Precisely, because man is an ontological being, an independent person, irrespective of age, the quality of the face, of the body, of his social station, his financial condition, his sex and his racial descent, Orthodox theology regards him as a "microcosm," micrography of all humanity. One reason that the Orthodox Church condemns abortions and allows the infant participation in the mystical life of baptism, Chrismation and the Eucharist is because it regards the embryo or the infant itself as a person --a psychosomatic being. Both body and soul have the same beginning and contain each other. "When the body and soul have the same beginning and contain each other. "When the body and soul were created, neither of the two was created first and the other second, "according to John Damascene. (27) The Patristic anthropology combined the best philosophic elements of the ancient Greeks and, in truth, the Socratic ethical tradition and the Biblical teaching concerning man. It created a blend, a Christian humanism that is of contemporary value. In an era in which people have walked on the moon and others boast that in twenty years they will create a man from a single cell organism, but also an era when 70% of the world's human population is deprived of daily bread, the words of St. John Chrysostom possess a current meaning and renders an answerto the general question: How do you confront the sick and needy as person? Let us hear the Holy Father as he writes the following moving words, "I do not show any aversion to any person because each person is worthy of great attention as a creature of God even though he may be a simple slave. I do notconsider social class, but virtue, and I do not face the master or the servant, but the human person, for whom the heavens opened, the sun shines, the moon sets, the air fills everything, the wells bubble their water, the sea stretches out, for whom the only begotten Son of God became man. My master was slaughtered and shed his blood for man. And who am I that I should scorn a man? How will I ever be forgiven for this?" (28)

After the many years of development of Greco-Christian anthropology, we see that man is the boundary of the created and the uncreated, the visible and the invisible psychosomatic being endowed with vast possibilities and potentialities, that with God's cooperation and the proper use of his will, man can overcome space and time and enter into the sphere of the eternal presence and communion with his Creator God. All this is enough concerning the Greco-Christian meaning of person.



D


The theme "The Confrontation of the Sick as a Person" gives rise to the question of what does contemporary medicine have to say about the meaning of the person and how does an Orthodox theologian envision the relationships between medical science and man as person. Is it possible for us to speak of trends in medical science?

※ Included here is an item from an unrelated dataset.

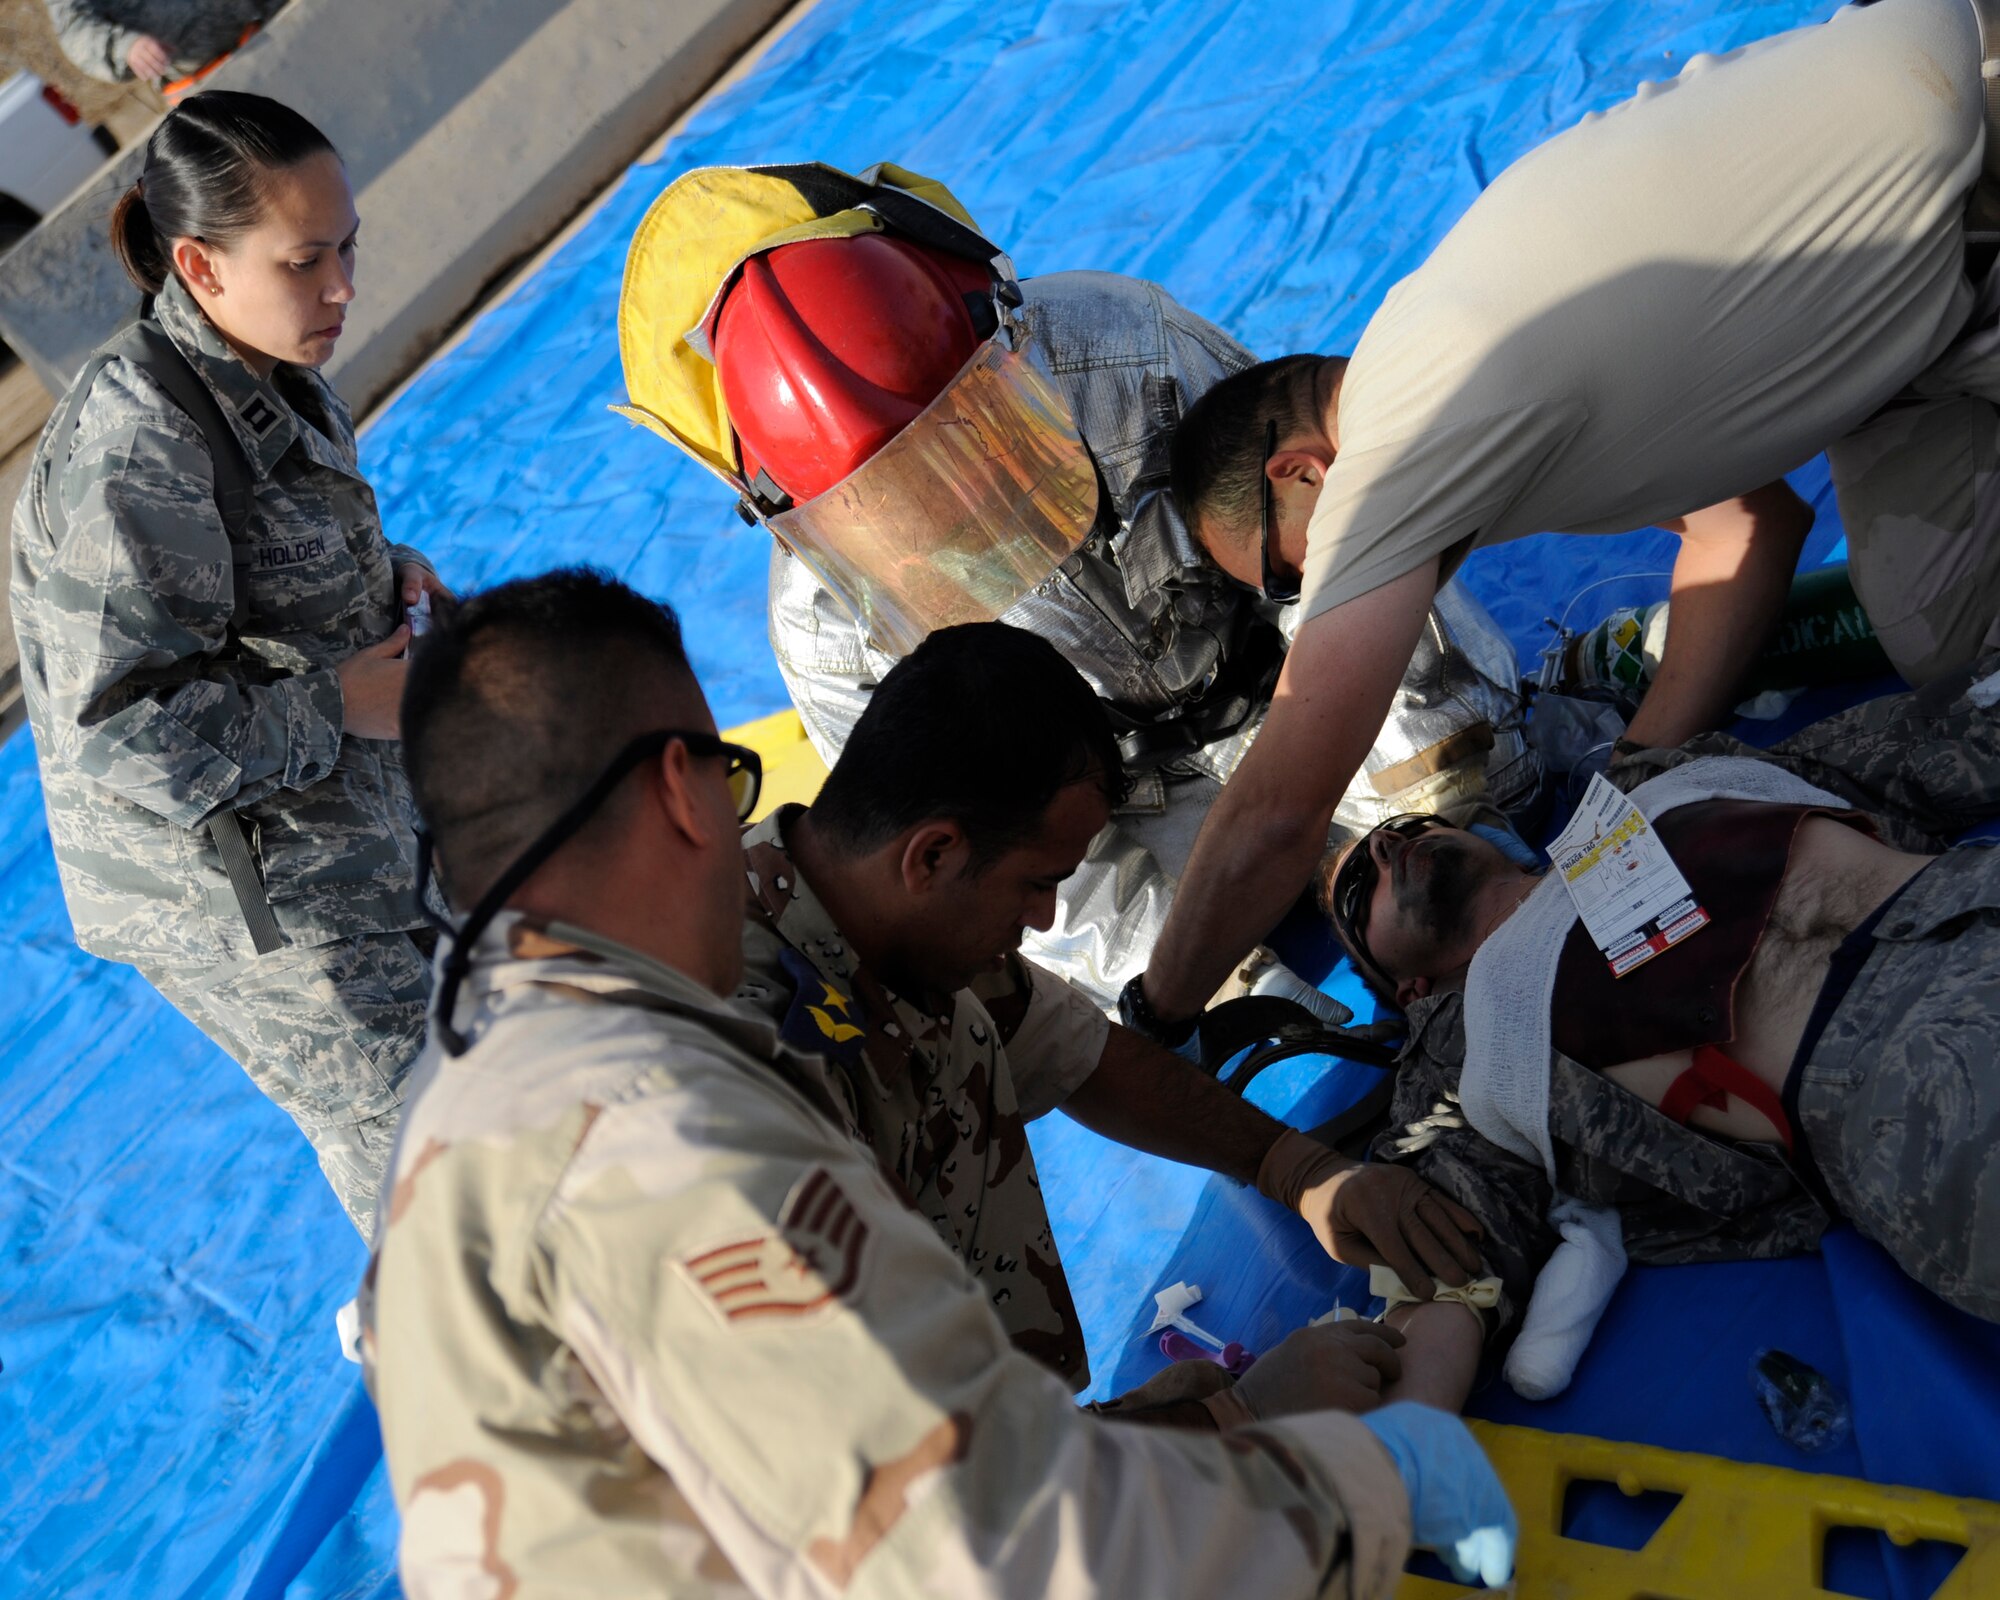 Capt. Sunny Holden, left, chief medical advisor for the 321st Air Expeditionary Advisory Squadron, watches over U.S. and Iraqi emergency response personnel as they provide medical care to a mock casualty of a C-130 accident during a major accident response exercise at New Al-Muthana Air Base, Iraq on Nov. 21, 2008. Holden is deployed from the 1st Medical Operations Squadron, Langley Air Force Base, Va. (U.S. Air Force photo/Staff Sgt. Paul Villanueva II)
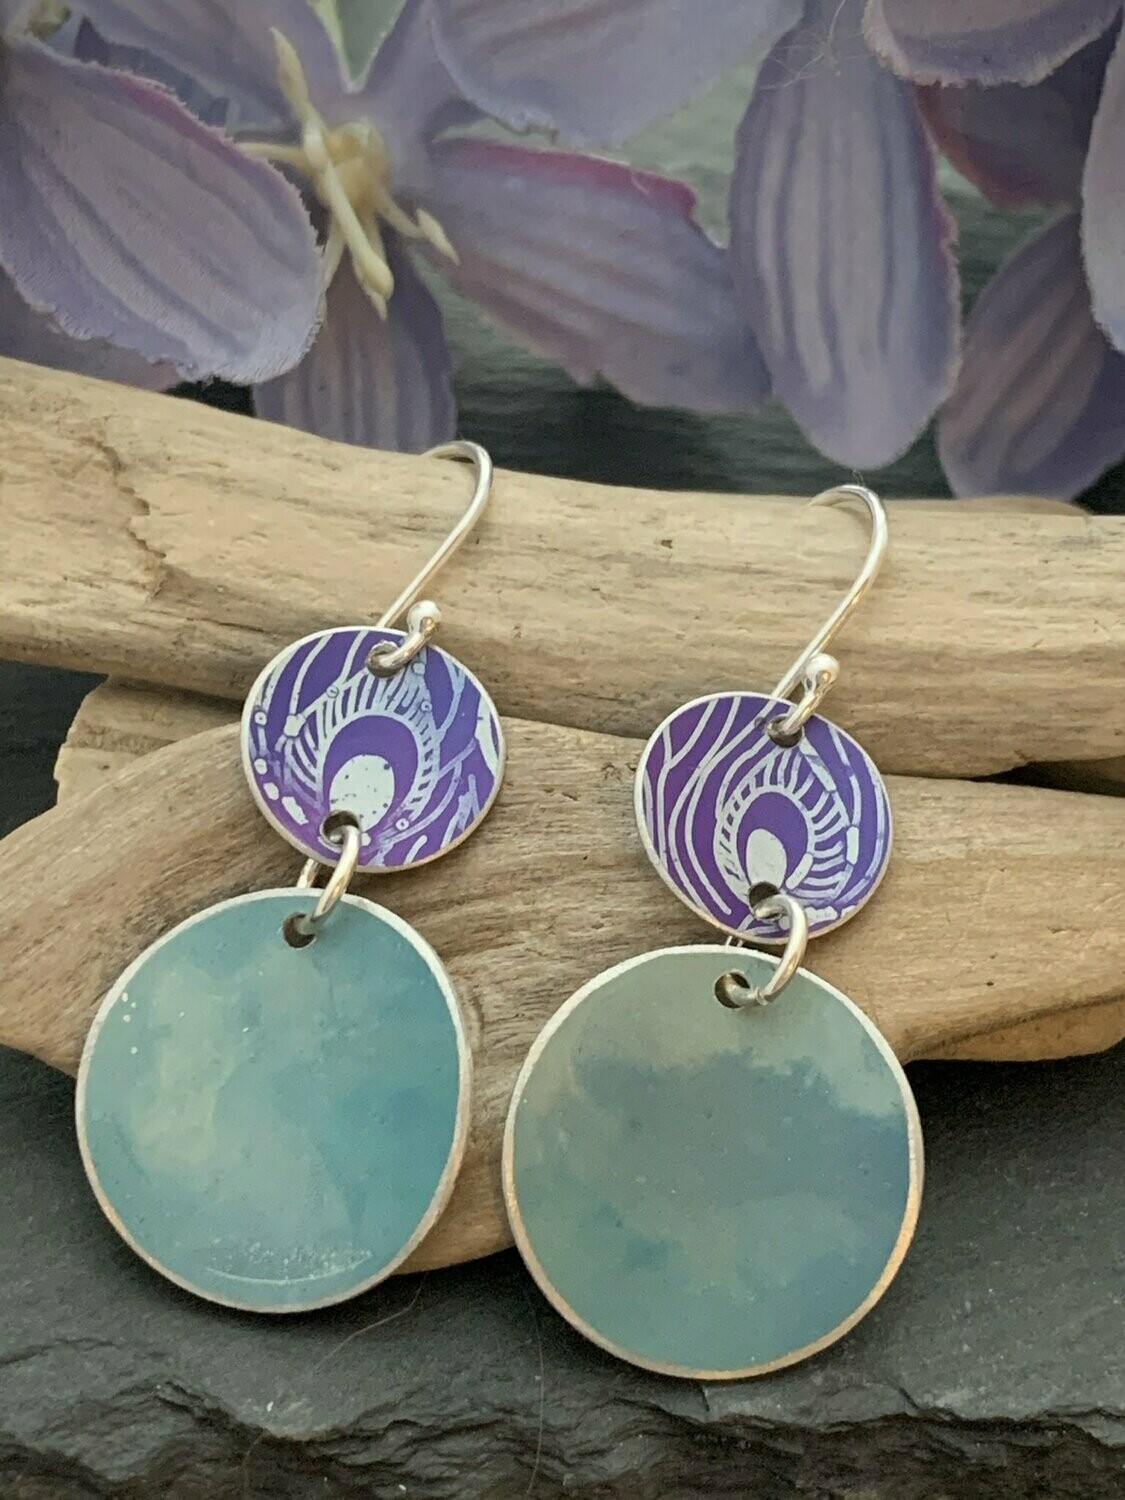 Printed Aluminium and sterling silver drop earrings - Turquoise and Purple peacock

The widespread public discussion in the United States regarding the legitimacy or not of abortions, the lively concern for the improvement of the conditions of life, for the care of the disabled, of the chronically ill, and the development of the branch of gerontology have contributed to the awakening of the moral sensitivity of the public and have motivated the interest of physicians in psychosomatic therapy and medical ethics, or still better, bioethics. Many schools of medicine have added courses to their academic programs relative to the psychosomatic condition and the ethics of a person. A great deal of publicity has been given to the Medical School of the University of California which several years ago appointed Norman Cousins, a critic, a philologist, a publisher, and a humanitarian of vast experience to teach courses like "Society and Human Values," "Science, Law and Human Values," and the "Influence of the mind upon Psychosomatic Illnesses." In his book entitled, "Head First: The Biology of Hope," (29) Cousins writes that the physician must first of all recognize his patient as a person, as Hippocrates emphasized. In other words, as a centralized whole consisting of soul, body, mind, and heart, as one organism. Prior, then, to proceeding to a diagnosis, experiments and therapy, the physician must know his patient well. He must understand his fears, anxieties, emotions, uncertainties,sentiments, guilt feelings, religious reservations, prejudices, and superstitions because all these contibute to the aggravation of the illness or to the recovery of the patient. The influence of thinking positively, of faith, hope, optimism and prayer have been proven to be clinically productive.

Like the physiocratic physicians of ancient Greece, especially those of the Ionian school, so today too there are those who alignboth their medical knowledge and their philosophy to their objectives. It was Empedocles who combined empirical and natural philosophy, religious faith and medical knowledge. It is by no means a paradox that Cousins and other representatives of psychosomatic medicine constantly refer to the Hippocratic School that taught the psychosomatic wholeness of man. Although the body has specialized systems, still other functions unite all of its organs and activities in the common endeavor of life. For the physician to be able to administer proper medical help, he/she must know, not only the anatomy of the patient, but also the psychology --the whole person. Hippocrates phrased it in the following words":

"There are physicians as well as philosophers who say that it is not possible for the physician to practice medicine if he does not know what is a human being. He who would treat patients properly must, they say,learn this." (30)
And in his essay, Concerning the Nature of Man, the father of medical science adds: "Anyone who does not see a relationship between man and medicine does not need to read my essay..." (31) Hippocrates combined the correct exercise of medical science with the knowledge of the physician for his patien as a person.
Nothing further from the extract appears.